All of that doesn’t necessarily mean they have to get away from running the football as much. They just need to find ways to be more explosive doing it. The 2017 Notre Dame offense is an example of how an offense can be explosive running the ball. They had 42 runs of 20 yards or more and the overall explosive play rate was 11.1.

Lenzy had 13 carries in 2019. That number was likely going to increase, but he only had three because of his availability. Davis would have been the guy to replace some of that, but he only had three as well. He averaged 19 yards on those three.

Finding ways for someone like him to get the ball more as a runner and getting Lenzy back involved is one way to produce more big plays running.
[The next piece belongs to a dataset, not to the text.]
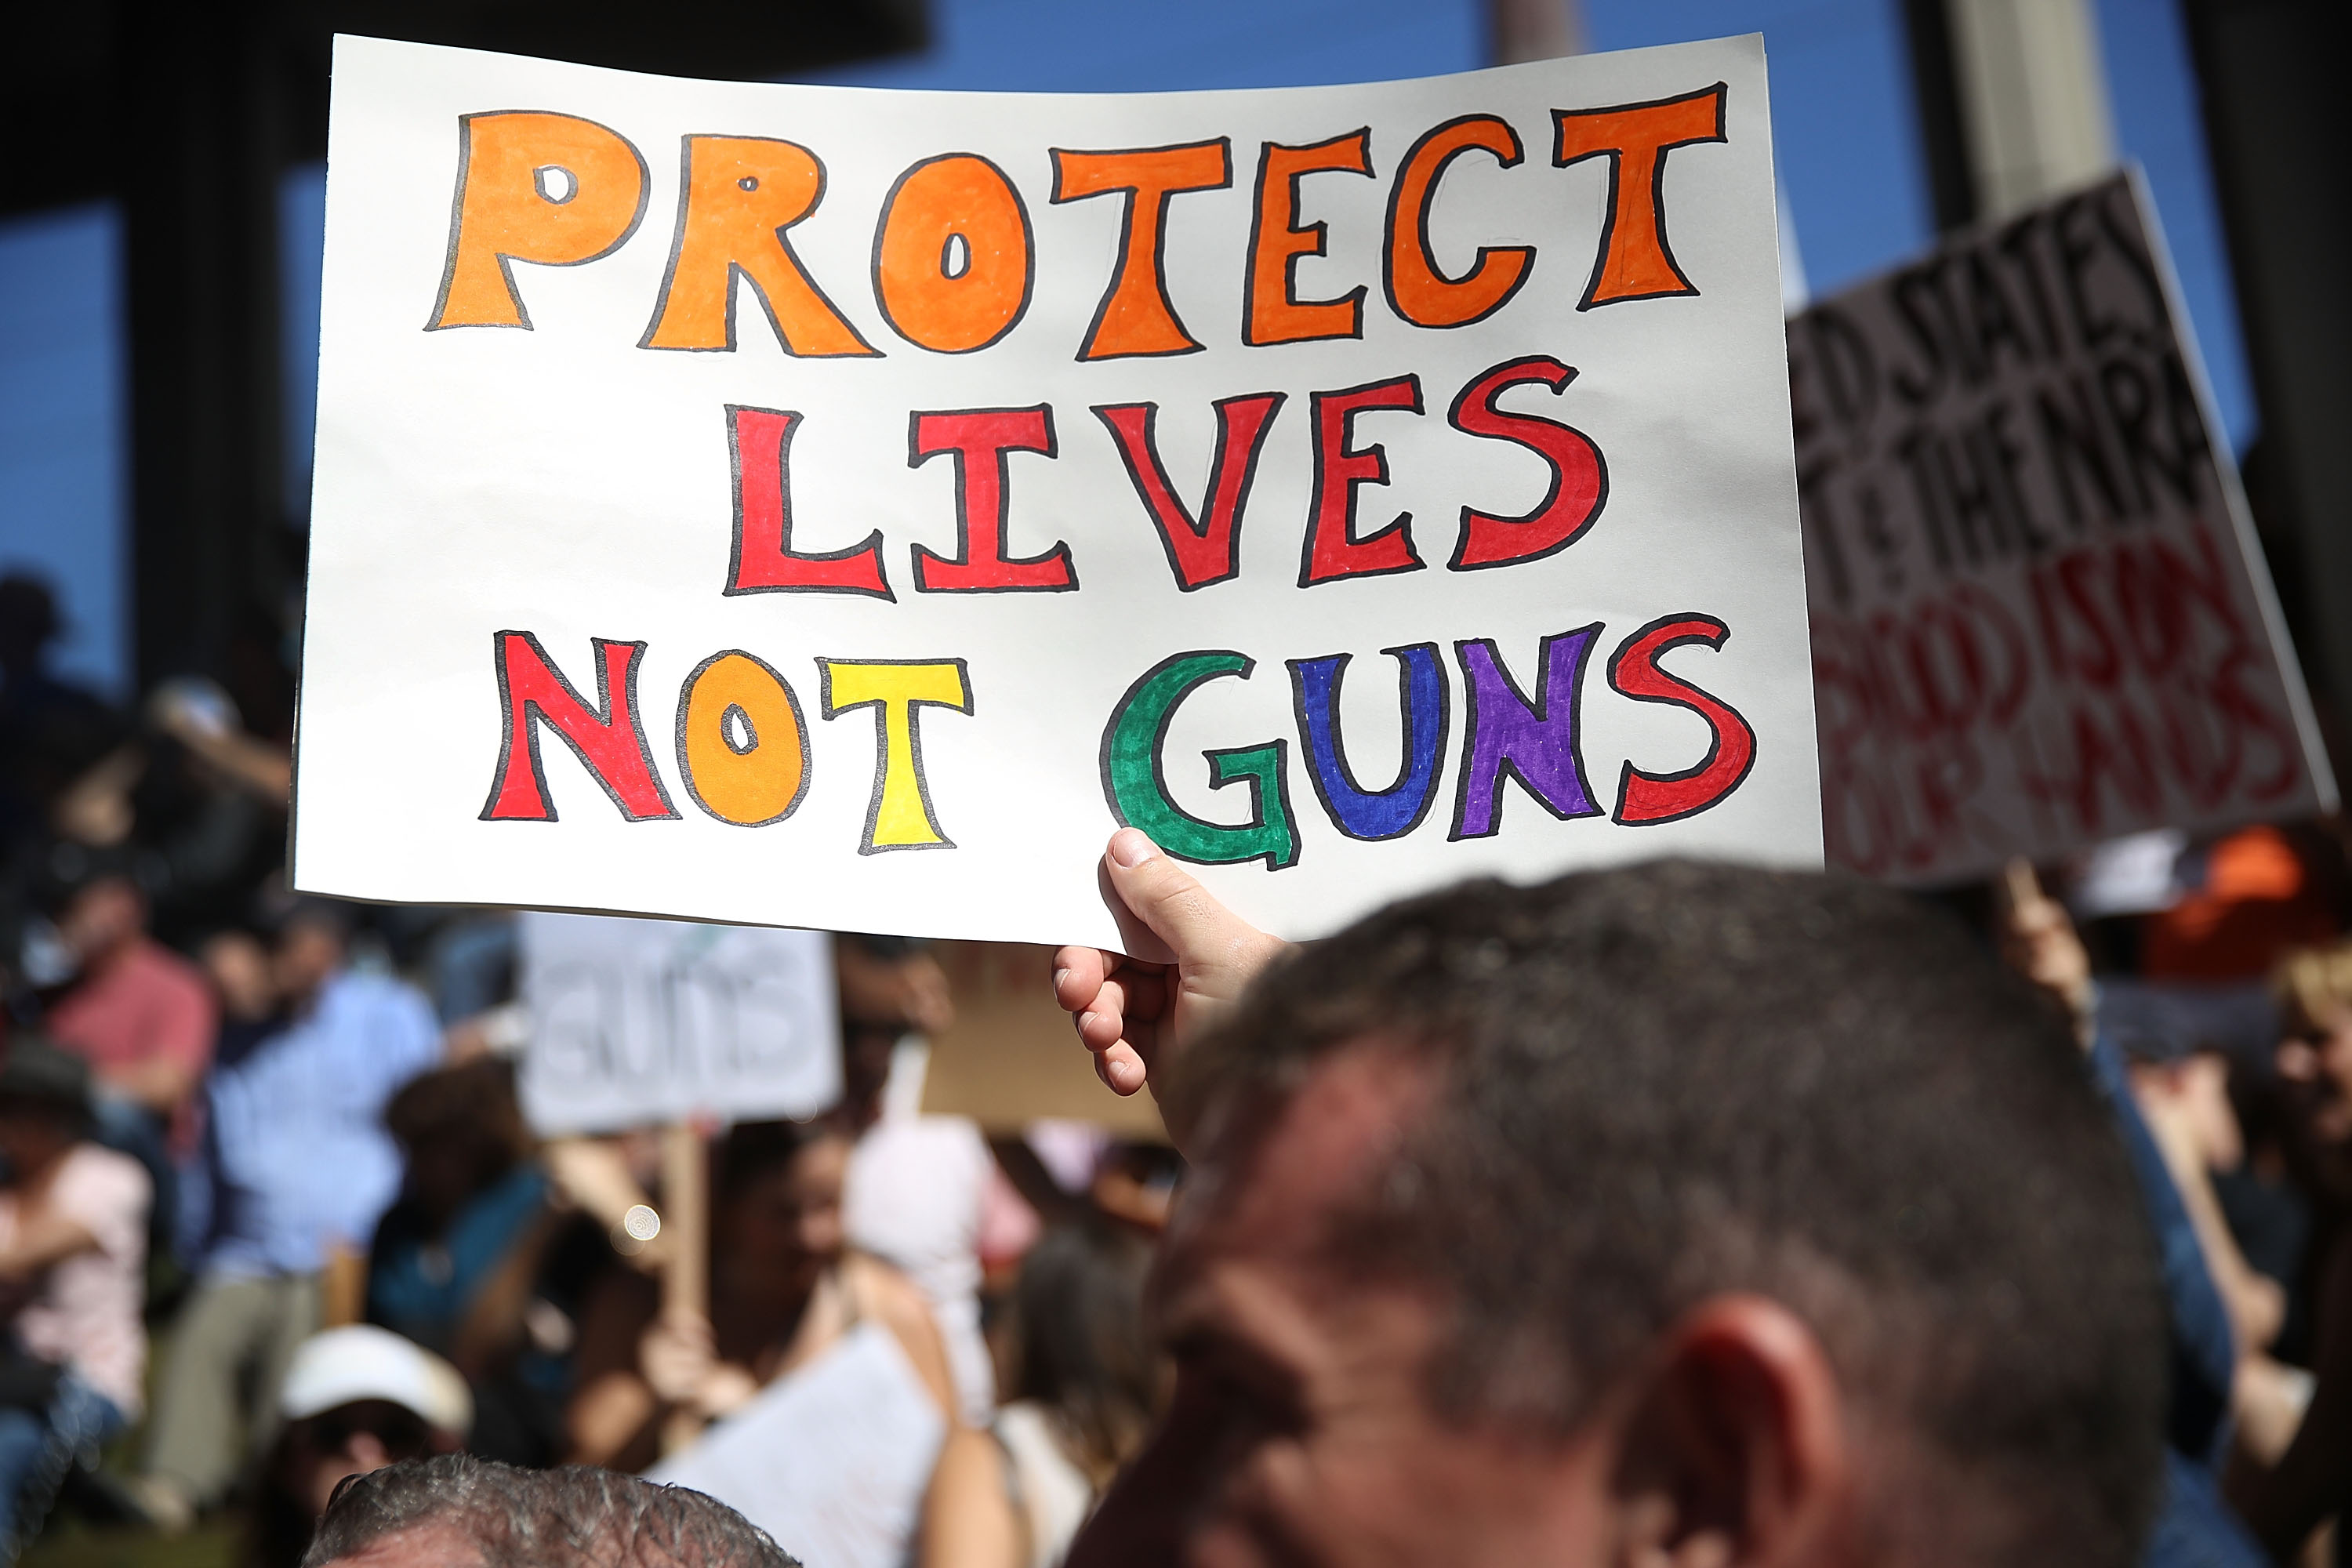 People join together after a school shooting that killed 17 to protest against guns on the steps of the Broward County Federal courthouse on February 17, 2018 in Fort Lauderdale, Florida. Earlier this week former student Nikolas Cruz opened fire with a AR-15 rifle at the Marjory Stoneman Douglas High School killing 17 people.  (Photo by Joe Raedle/Getty Images) (Joe Raedle—Getty Images)

Utilizing play-action more is another way. Notre Dame’s only 30 yard gain in their final two games came off a bootleg where Book found Tommy Tremble for 30 yards. They need more plays like that, but for whatever reason, didn’t use a lot of play-action with the passing game.

Tommy Rees only called play-action passes on 22.8% of drop backs with Book at quarterback. That’s tied for 93rd in the country for quarterbacks with 99 or more drop backs this season. However, Book was 29th in yards per attempt off of play-action throws. His 9.3 YPA was 1.8 higher than on throws that weren’t off of play-action.
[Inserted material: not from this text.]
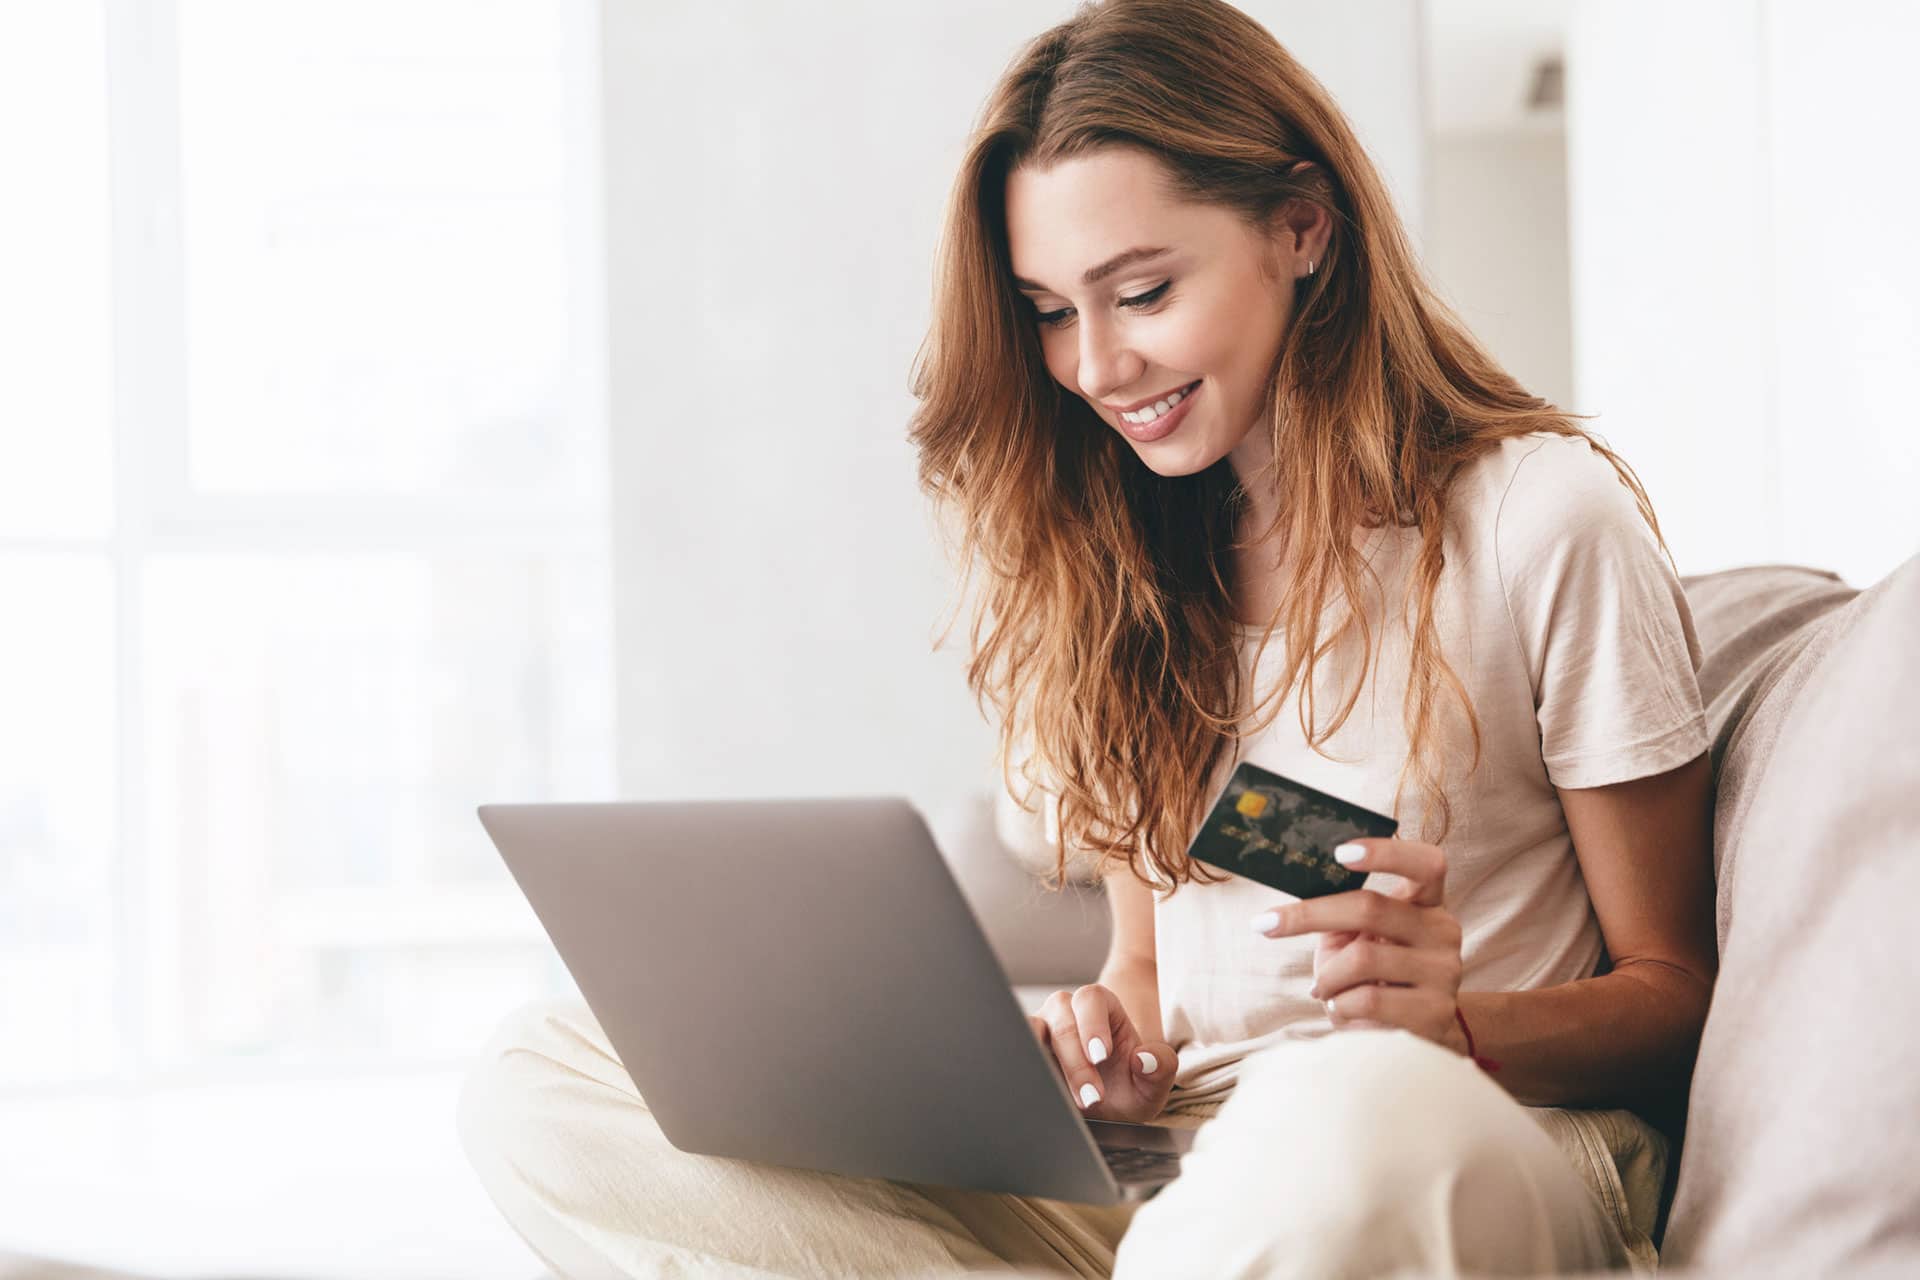 Woman with long brown hair in white outfit smiling, sitting on couch with laptop on lap and credit card in hand.

We may see more of a shift in personnel this year, but having success running the football is still going to be a foundational part of the offense for the Irish. They need to be more explosive passing the football, though, if they want to win a national championship. Rees only has to look at the last two offenses for the teams that won it all to see what he is up against.

No one stopped LSU in 2019 and no one stopped Alabama in 2020. The only way to beat them was to outscore them. Shortening the game against Alabama was a wise move given the circumstances, but it only would work if the Notre Dame offense could score at the same rate Alabama did.

If they want to do that, they need less long drives and more big plays. Offense wins championships right now. Notre Dame has to do what they can to keep up. They can continue to zag with personnel, but must get better to keep up with the others who are zigging.